• [MATERIAL FOR THIS EXERCISE]
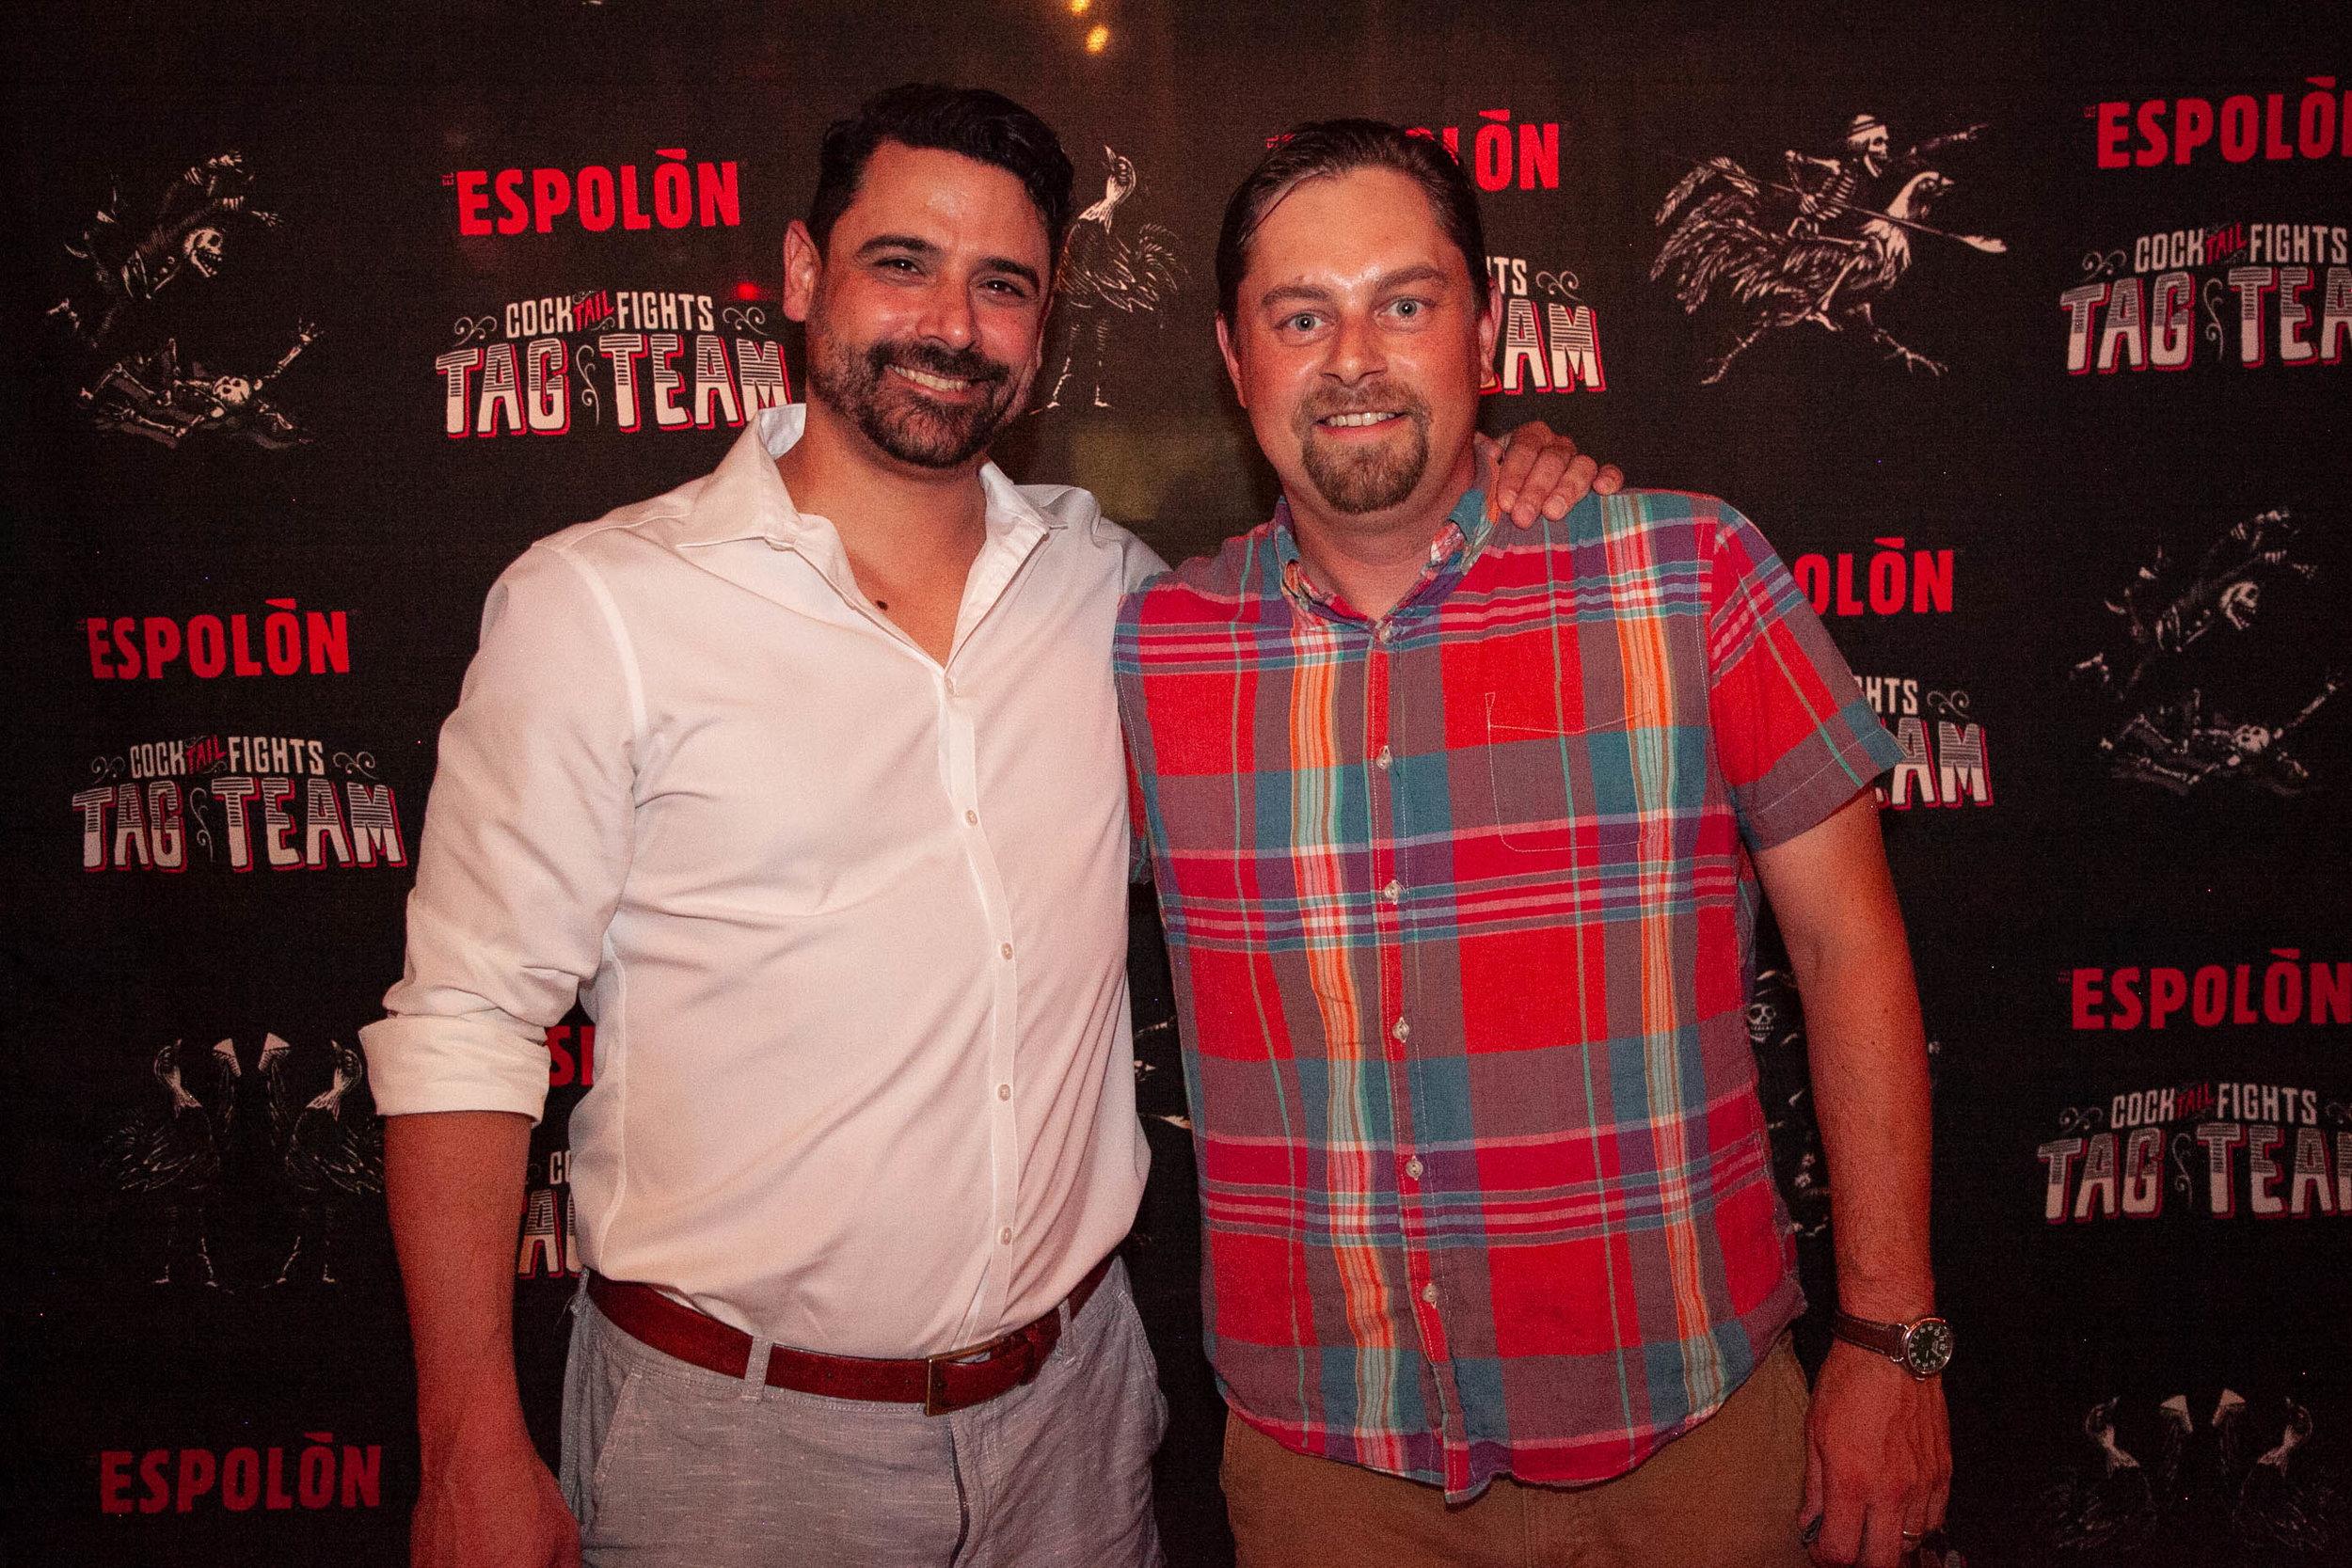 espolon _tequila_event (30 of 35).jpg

* * *

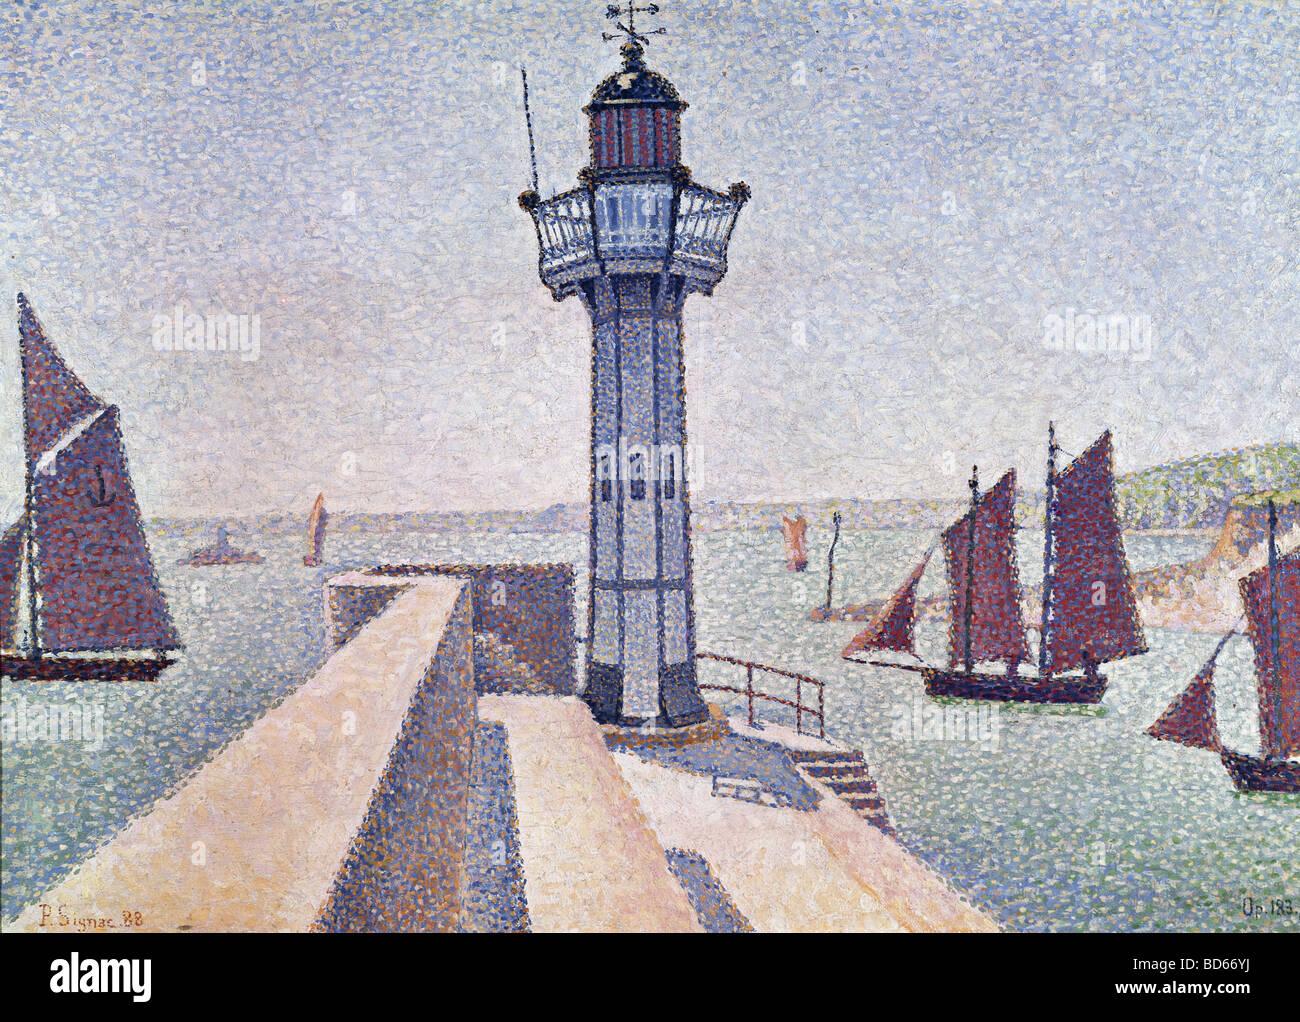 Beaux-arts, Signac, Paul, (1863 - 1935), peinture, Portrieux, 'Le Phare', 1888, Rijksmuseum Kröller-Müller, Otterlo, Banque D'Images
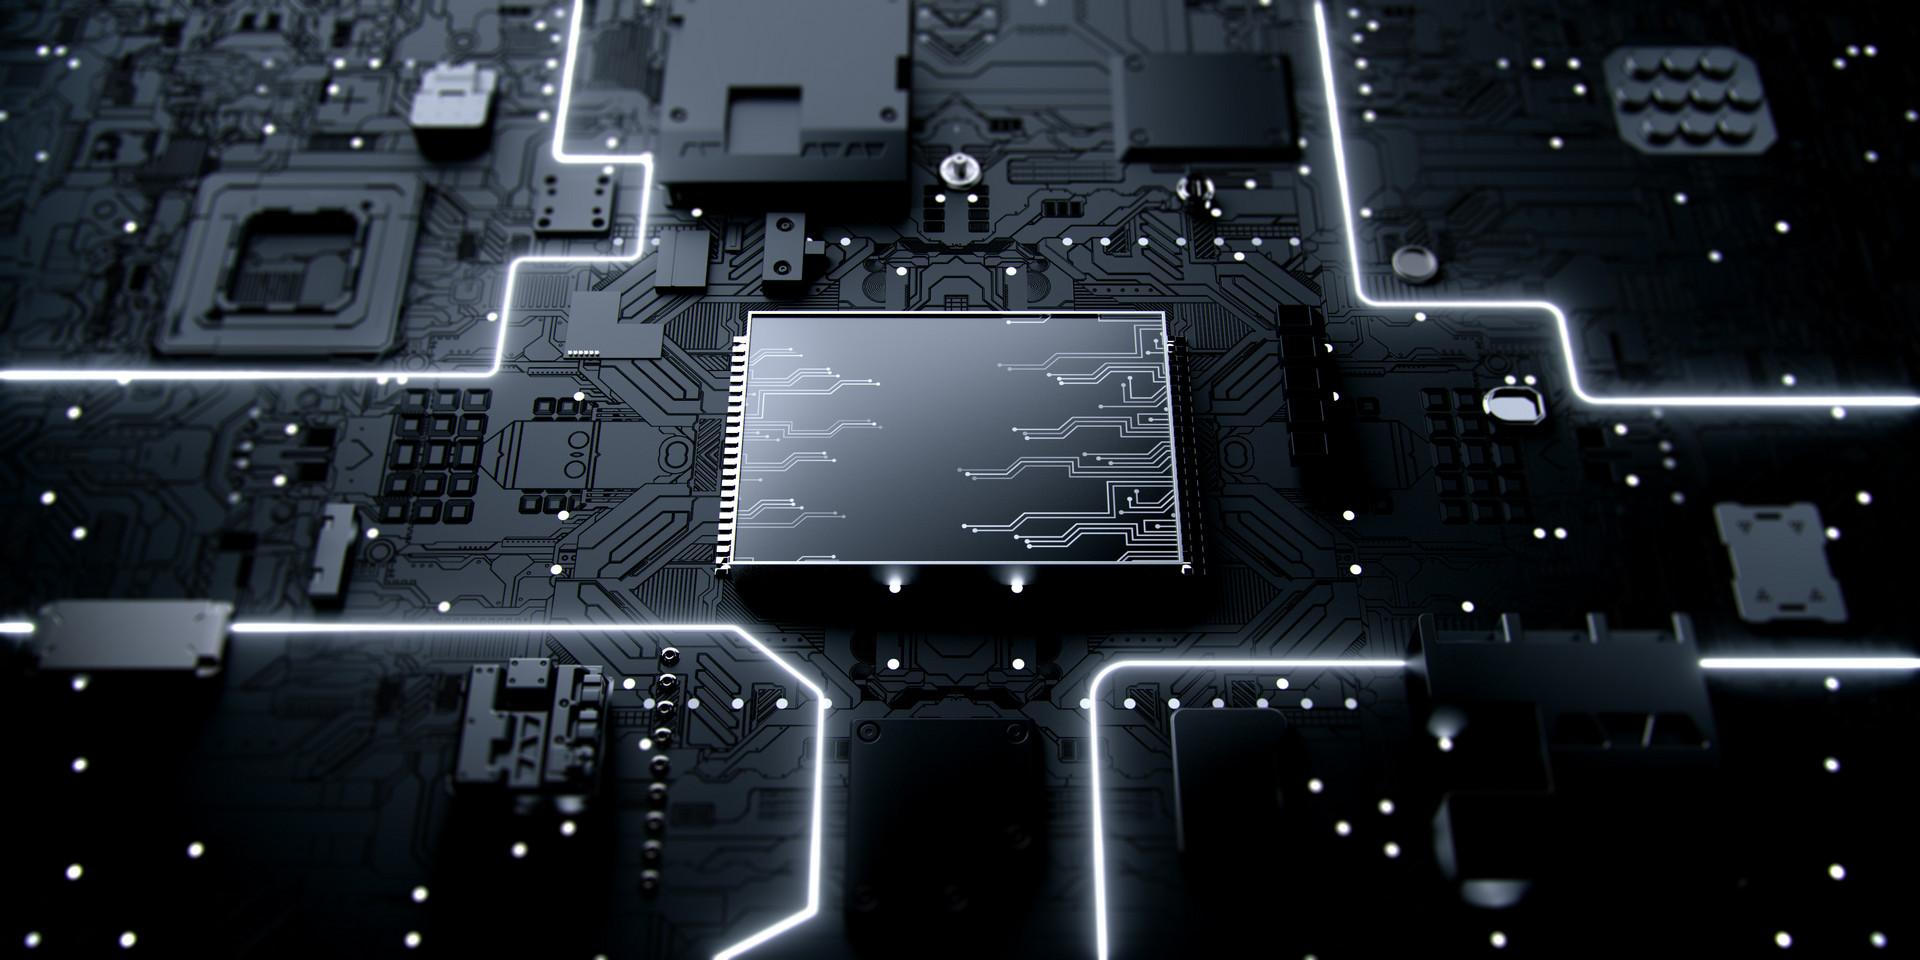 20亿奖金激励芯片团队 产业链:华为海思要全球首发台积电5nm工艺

• [EXERCISE]
The material above holds pictures; leave them out. Repeat exactly the lines from the one containing "Beaux-arts, Signac, Paul, (1863" through the one containing "20亿奖金激励芯片团队 产业链:华为海思要全球首发台积电5nm工艺", and nothing else.

• [THE COMPLETED TASK]
 Beaux-arts, Signac, Paul, (1863 - 1935), peinture, Portrieux, 'Le Phare', 1888, Rijksmuseum Kröller-Müller, Otterlo, Banque D'Images
 20亿奖金激励芯片团队 产业链:华为海思要全球首发台积电5nm工艺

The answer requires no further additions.